I only clicked on this thread because it said butt.


----------



## texasislandboy (Jul 25, 2011)

Smackdaddy53 said:


> Are you still working at ShallowSport?


Nope I own a electronics company down here now. I still guide full time just fill in the off days with boat work.


----------



## jasonrl23 (Jul 27, 2009)

topnative2 said:


> https://www.amazon.com/Sopoby-Conne...sealed+connectore&qid=1577917574&sr=8-1-fkmr0


I needed this on Monday. Thanks for the link!


----------



## Lowtidelowlife (Aug 19, 2014)

I like the crimp. I crimp it. Then I give it a pull. And it stays on. And I nod my head. And do the next one. This would take that satisfying feeling away from me.


----------



## Smackdaddy53 (Dec 31, 2012)

Lowtidelowlife said:


> I like the crimp. I crimp it. Then I give it a pull. And it stays on. And I nod my head. And do the next one. This would take that satisfying feeling away from me.

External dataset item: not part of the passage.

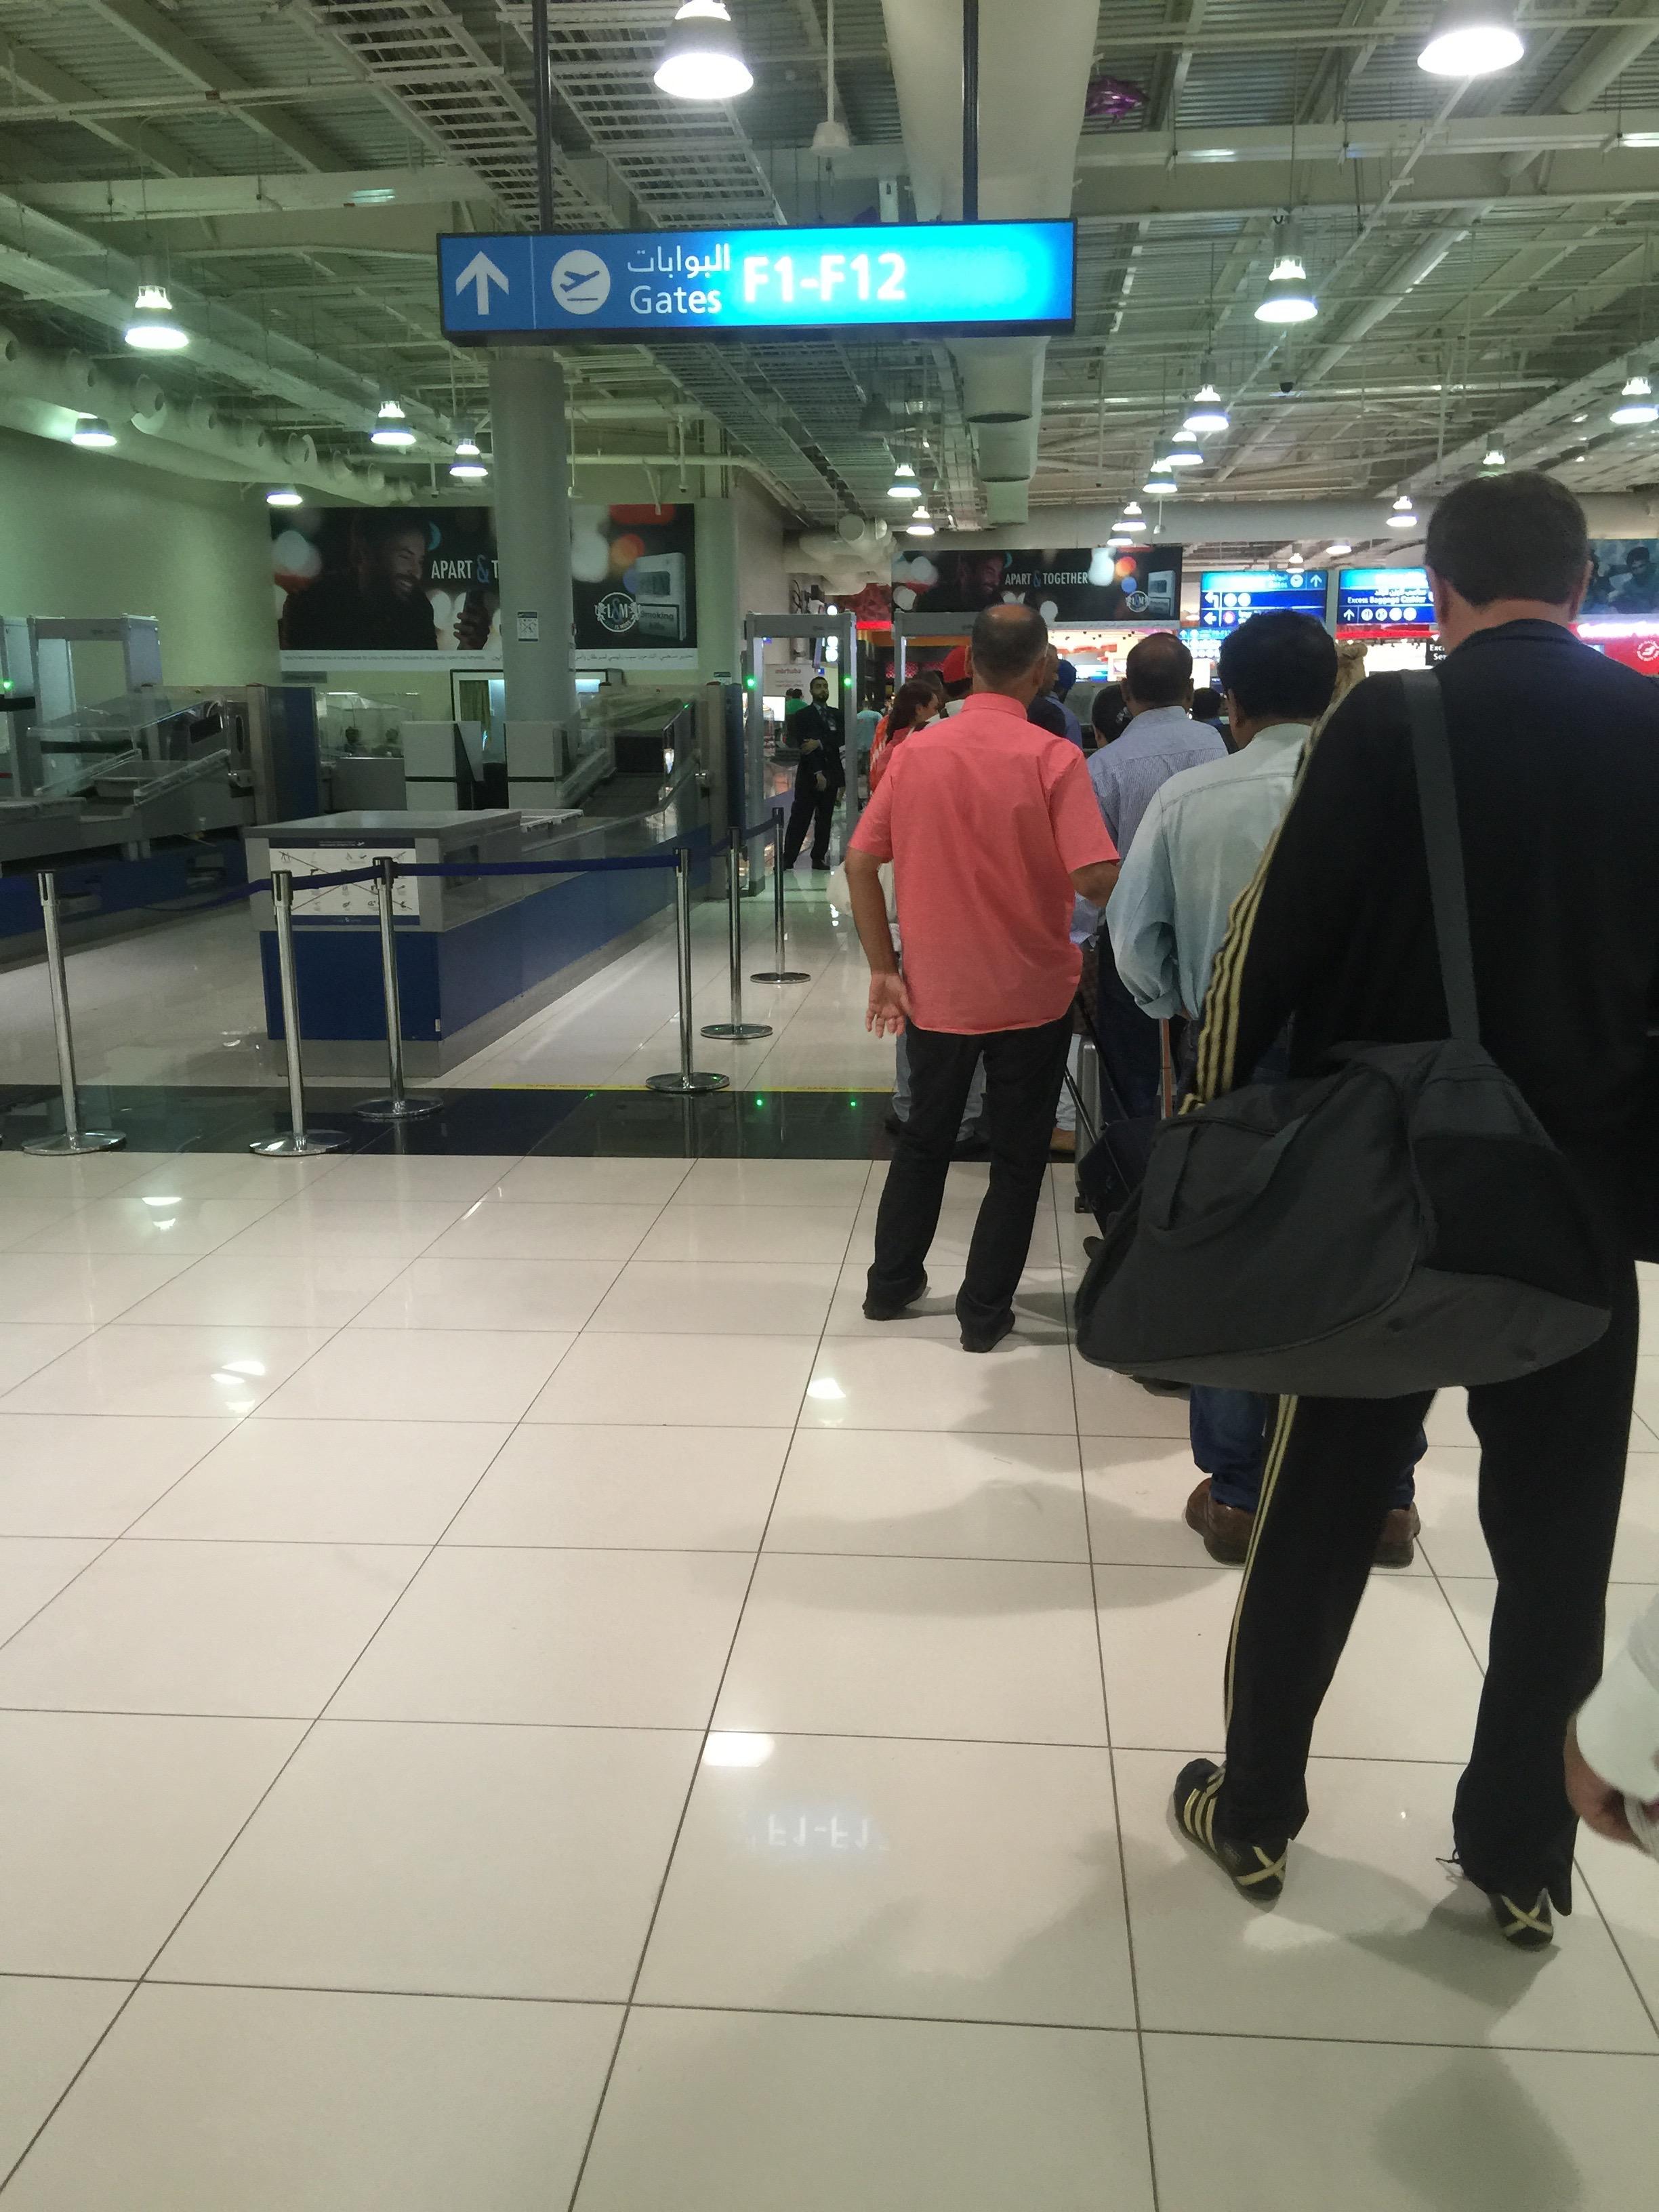 Dubai Emirates Terminal Check

You still crimp it then heat it up and the solder melts as the heat shrink shrinks. They are badass.


----------



## TR. (Sep 28, 2019)

I use them, I crimp them, I love them. The only mistake I made when first using them was not intertwining the ends like in the video and then sliding the piece over the top. 

TR


----------



## jasonrl23 (Jul 27, 2009)

TR. said:


> I use them, I crimp them, I love them. The only mistake I made when first using them was not intertwining the ends like in the video and then sliding the piece over the top.
> 
> TR


Just bought these as well. Glad to see I wont regret it!


----------



## southerncannuck (Jun 27, 2016)

I just tried them for the first time today with a live well pump. Pretty impressive connector.


----------



## lemaymiami (Feb 9, 2007)

They’ll have to be outstanding to be better than what we use from Pacer Group (standard mechanical crimped butt connectors with heavy adhesive lined heat shrink tubing).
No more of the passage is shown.